Power Buyer Knock believes it’s found a creative way to help take some of the sting out of rising mortgage rates — by letting homebuyers use the equity in their existing home to buy down their mortgage rate or make a bigger down payment on their next home purchase.
The new interest-free home equity advance announced by Knock Tuesday is available to homebuyers using the company’s “Home Swap” product to buy their next home before they sell their existing property.
“With mortgage rates doubling since the start of the year and home prices continuing to grow at double-digits, buying a home has gotten a lot more expensive,” Knock co-founder and CEO Sean Black said in a statement. “At the same time, homeowners have more of their wealth tied up in their home than any other time in history.”

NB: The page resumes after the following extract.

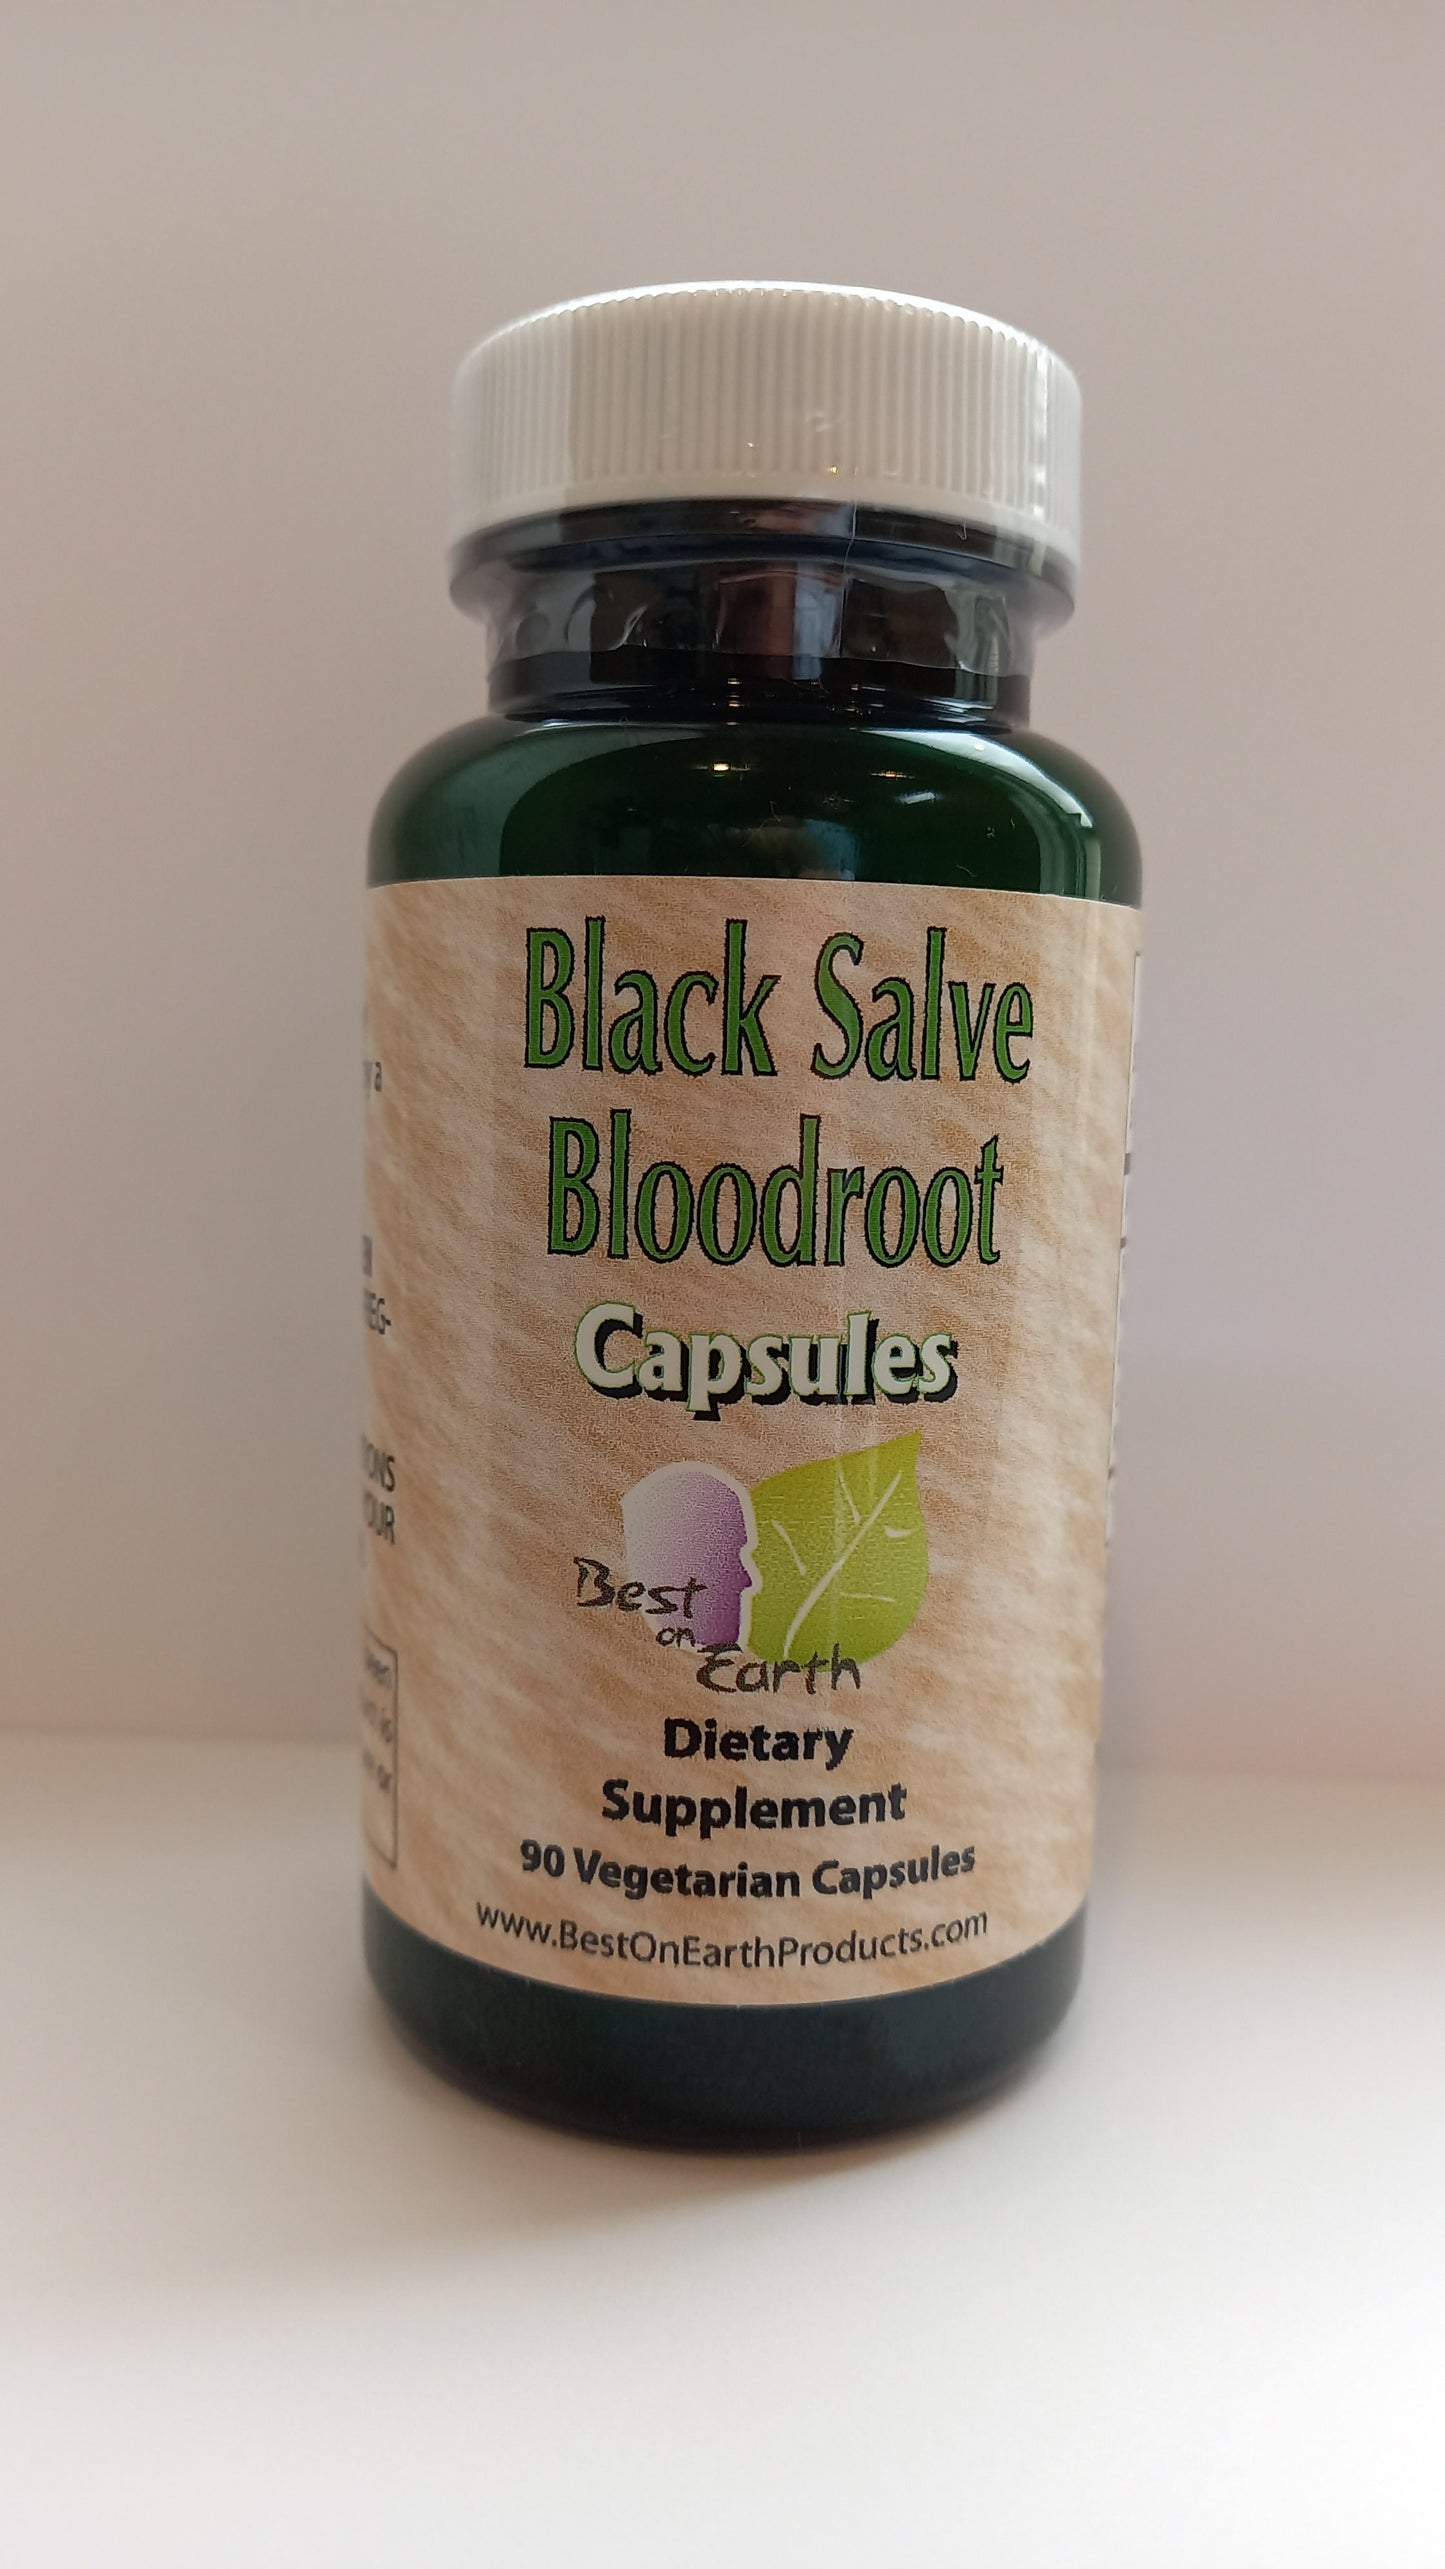 Black Salve Bloodroot Capsules
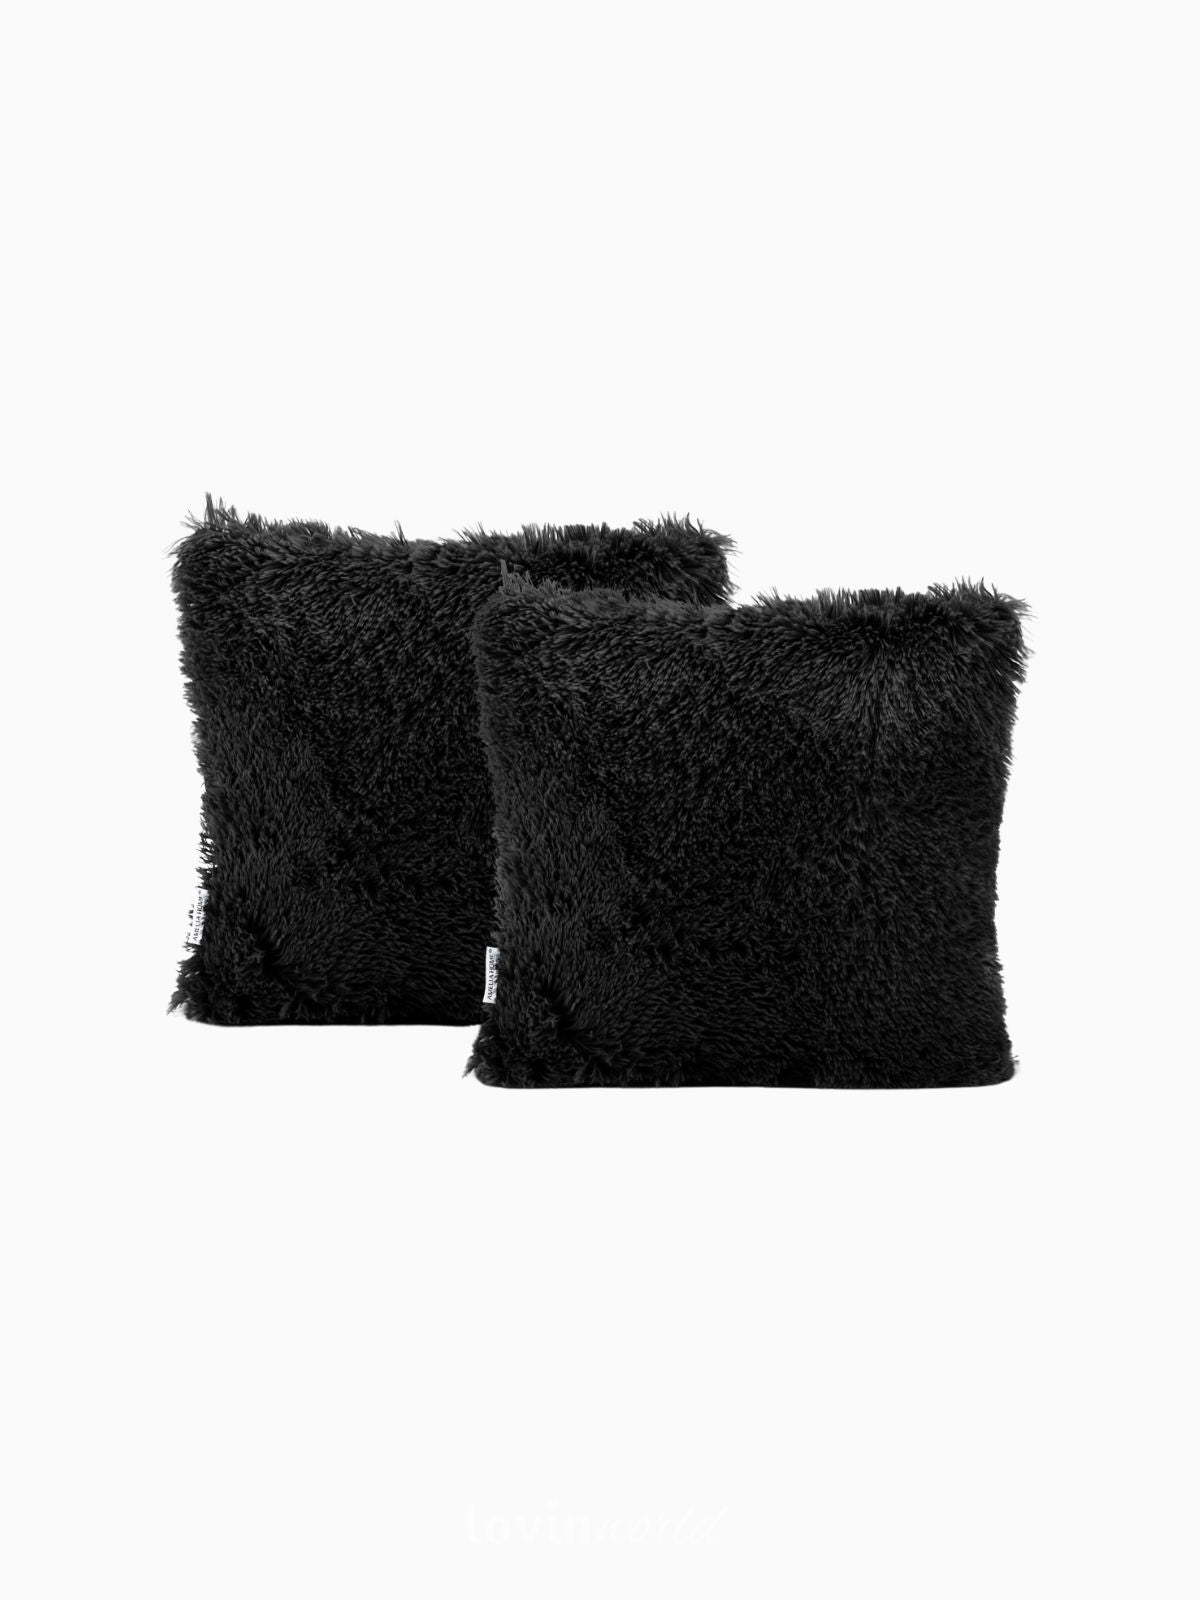 2 Federe per cuscino Karvag in colore nero 45x45 cm.-1

Americans have about $11 trillion in tappable equity tied up in their homes, or about $207,00 on average, according to a recent analysis by real estate data aggregator Black Knight.
Paying an up-front fee to buy down your interest rate can save homebuyers money — but only if they stay in their new home long enough to recoup the costs, the Consumer Financial Protection Bureau advises.
Interest rate buydowns and other fees are usually expressed in “points” — one point is equal to 1 percent of the loan balance. So a homebuyer paying one point to get a lower interest rate would pay $1,000 for every $100,000 that they’re borrowing. How much of a break they get on their interest rate when paying points depends on the specific lender, the kind of loan, and the overall mortgage market.
Knock, which also serves as the mortgage lender for Home Swap customers, claims homebuyers taking full advantage of its interest-free equity advance can save more than $125,000 in interest over the life of the loan when purchasing a median price home.
Here’s how Knock broke down the numbers in a hypothetical example that’s “for educational purposes only,” since rates are always changing.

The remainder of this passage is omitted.